Each knowledge base exposes a standalone MCP endpoint. Any MCP-compatible client — including Foundry Agent Service, but also GitHub Copilot or other MCP clients — can call its `knowledge_base_retrieve`

tool directly.

``` python
from azure.ai.projects import AIProjectClient
from azure.identity import DefaultAzureCredential

project = AIProjectClient(
    endpoint="https://<your-foundry-project-endpoint>",
    credential=DefaultAzureCredential(),
)

agent = project.agents.create_agent(
    model="gpt-5-mini",
    name="contract-search-agent",
    instructions="Answer questions about vendor contracts using the knowledge base tool. Always cite sources.",
    tools=[{
        "type": "mcp",
        "server_url": "https://<your-search-service>.search.windows.net/knowledgebases/vendor-contracts-kb/mcp?api-version=2026-05-01-preview",
        "allowed_tools": ["knowledge_base_retrieve"],
    }],
)
```

The knowledge base's `retrieval_reasoning_effort`

setting controls how much LLM-driven planning happens before retrieval, and it's the main dial for balancing latency, cost, and answer quality.

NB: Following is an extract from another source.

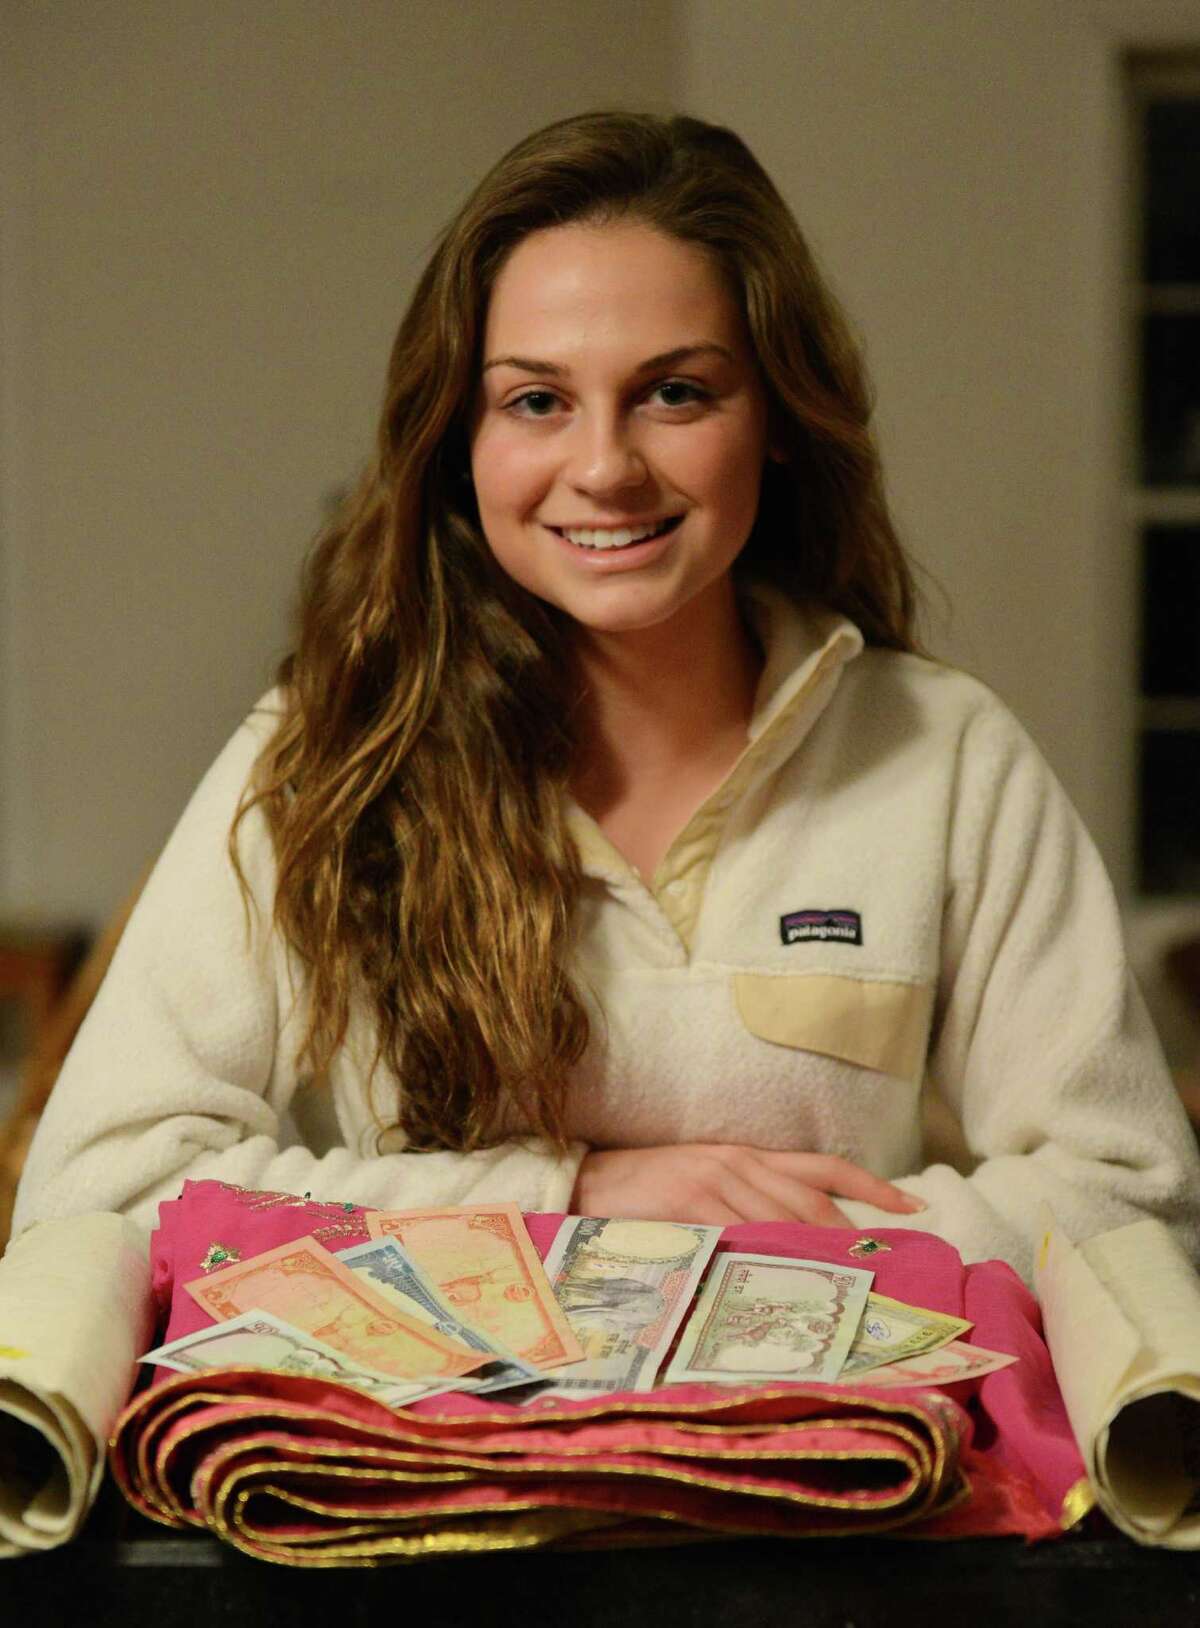 Taylor Weston, a senior at Shepaug Valley High School, poses with souvenirs from her recent trip to Nepal in her Bridgewater, Conn. home on Monday, Jan. 27, 2014. Weston was in Nepal from Dec. 7 through Dec. 17 for an exploratory project through Doctors Without Borders to investigate and compare the medical facilities in Nepal to those in the United States. For her senior project, "Exploring Medicine in Nepal," Weston will discuss her findings.

| Reasoning effort | What happens | Best for |
|---|---|---|
| Minimal | Bypasses LLM query planning entirely; direct hybrid search | Simple factual lookups, latency-sensitive paths |
| Medium | LLM reformulates and may decompose the query into sub-queries | Multi-part or ambiguous questions |
| High | Full iterative planning, evaluates sufficiency, re-queries as needed | Complex, multi-hop questions across many documents |

Lowering reasoning effort is also the primary way to control the number of GPT-5 tokens consumed per query — fewer planning passes and less iteration directly reduce both latency and inference cost, without needing to touch the underlying index.

The reason this matters versus classic RAG: a query like "which vendors had payment terms that changed between the Q3 and Q4 renewals" can't be answered by a single embedding lookup. With `medium`

or `high`

reasoning effort, the knowledge base decomposes it into sub-queries (find Q3 renewals, find Q4 renewals, compare payment terms fields), runs them in parallel against the knowledge source, and only synthesizes a final answer once it judges the retrieved context sufficient — re-querying automatically if it isn't.